Model a business service using reusable blueprints
Blueprints are reusable, can be created and maintained using a graphical editor, and can apply predefined patterns and filters to a connected topology stored in the graph database. Blueprints understand vendor- or industry-specific CI relationship mapping. Unique topology models exist for monitoring and infrastructure solutions like AppDynamics, Dynatrace, SolarWinds, VMware, Kubernetes, OpenShift, and mainframe, etc.
Figure 4 below shows an example blueprint for an AppDynamics and Kubernetes deployment. The AppDynamics blueprint starts with an application name and connects software components to virtual/physical hosts and the underlying network devices, whereas the Kubernetes blueprint starts with a namespace and then connects to deployments, pods, clusters, hosts, and network devices.
Figure 5 below shows the topology from the AppDynamics monitoring tool, which is limited to application-only topology and has no knowledge of the underlying physical infrastructure and network.
The blueprint and graph database will need to do the hard work to reconcile topology across the many layers (application, infrastructure, and network).
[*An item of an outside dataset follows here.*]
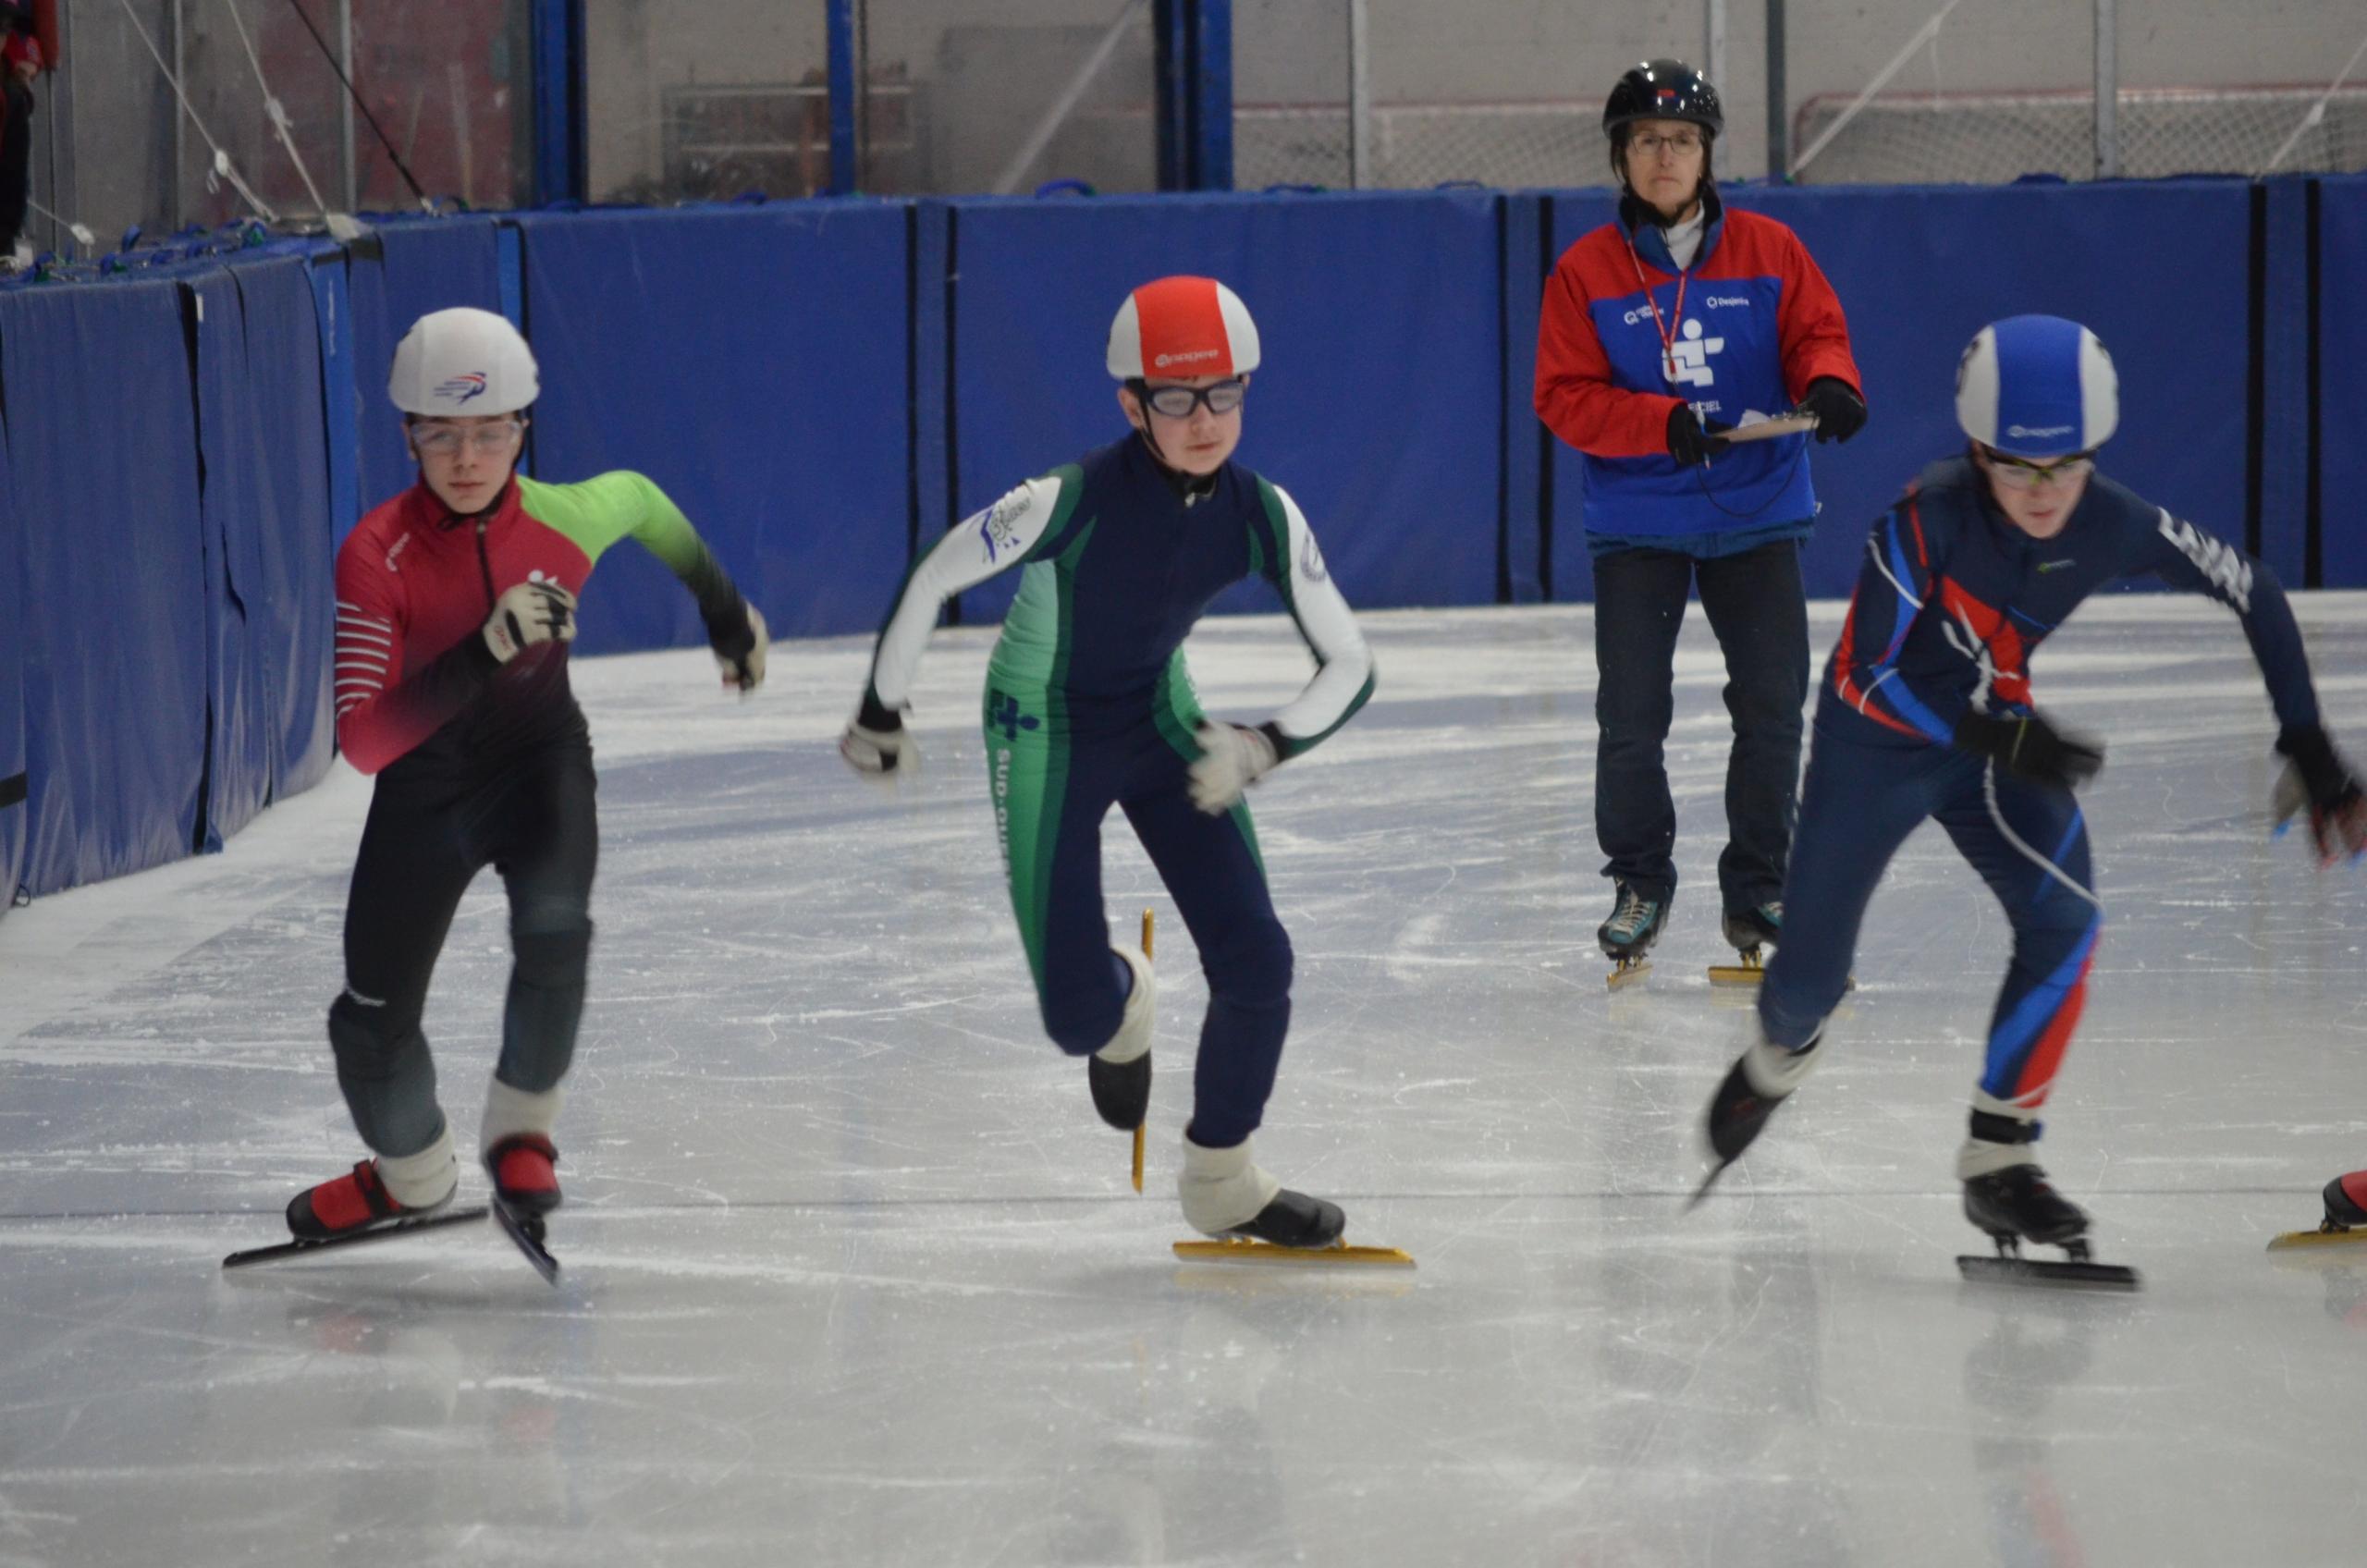 Le Journal Saint-François |  The Southwest invitations its athletes to qualify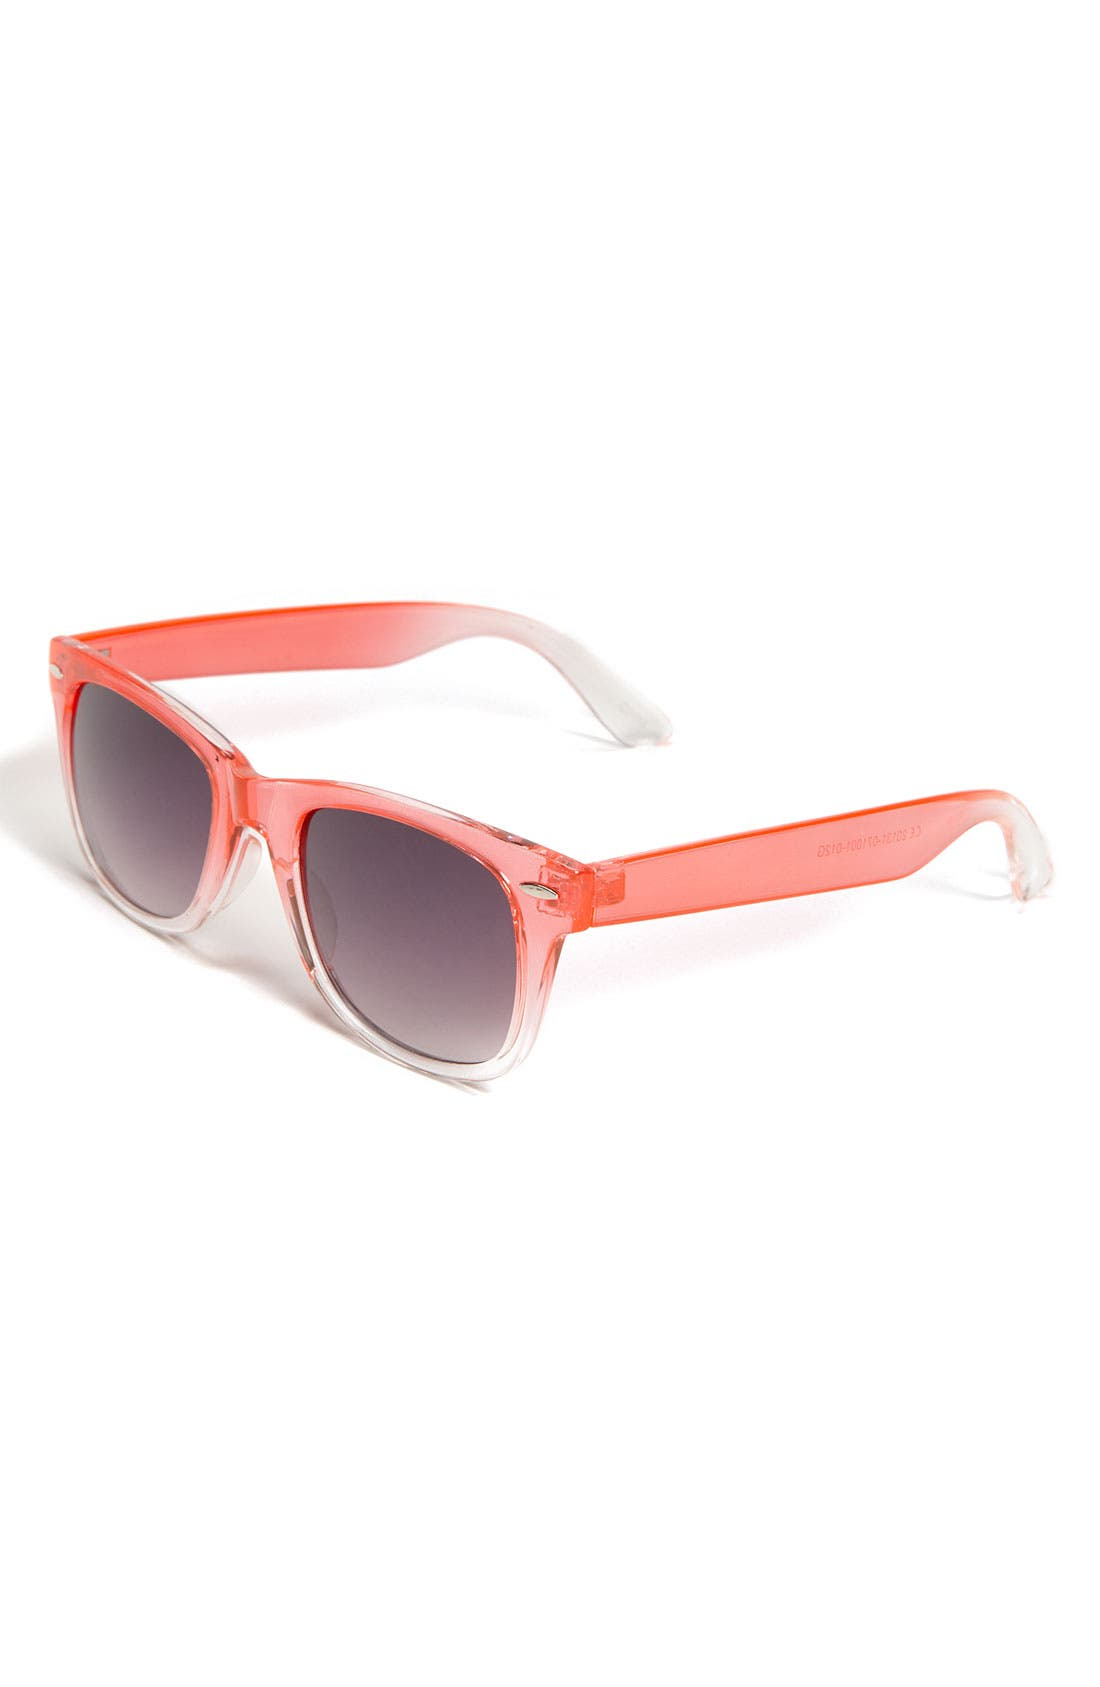 Alternate Image 1 Selected - Icon Eyewear Ombré Sunglasses (Girls)

When building a dynamic service, the service modeler will just select the software cluster (which is an application name in the AppDynamics model). The blueprint will then automatically model a service that connects the application topology to physical hosts and network devices discovered using a discovery tool and further enriched by other monitoring tools. In seconds, the service modeler can automatically create a service model—that spans application to network and cloud to mainframe—for AIOps, change management, and asset management use cases. This service model is dynamic and will be automatically maintained based on the blueprint. If, in the future, CIs are added or removed, the pattern matching will dynamically account for any changes and maintain a current service model.
Figure 6 shows the result of using the AppDynamics blueprint. You can see the relationships between software components, runtime processes, virtual hosts, physical hosts, and interface cards/port connected to a switch. This level of detail is required for change impact analysis and AI/ML algorithms to perform root cause analysis when a critical business service is at risk or at fault.
Show inter-service impacts by modeling service dependencies
Blueprints for infrastructures or core networks can also be used to model low-level virtual or physical shared services, and customer-facing services can be modeled to depend on these shared services. A service hierarchy map helps provide answers on which services, for example, are impacted by a shared service like core network, infrastructure, or storage. Figure 7 below shows how a core network issue impacts a customer-facing retail outlet service.
In a future blog post, I will show how we can easily enhance the AppDynamics blueprint to build an uber-blueprint that includes multi-cloud, mainframe, and storage for a distributed microservices application.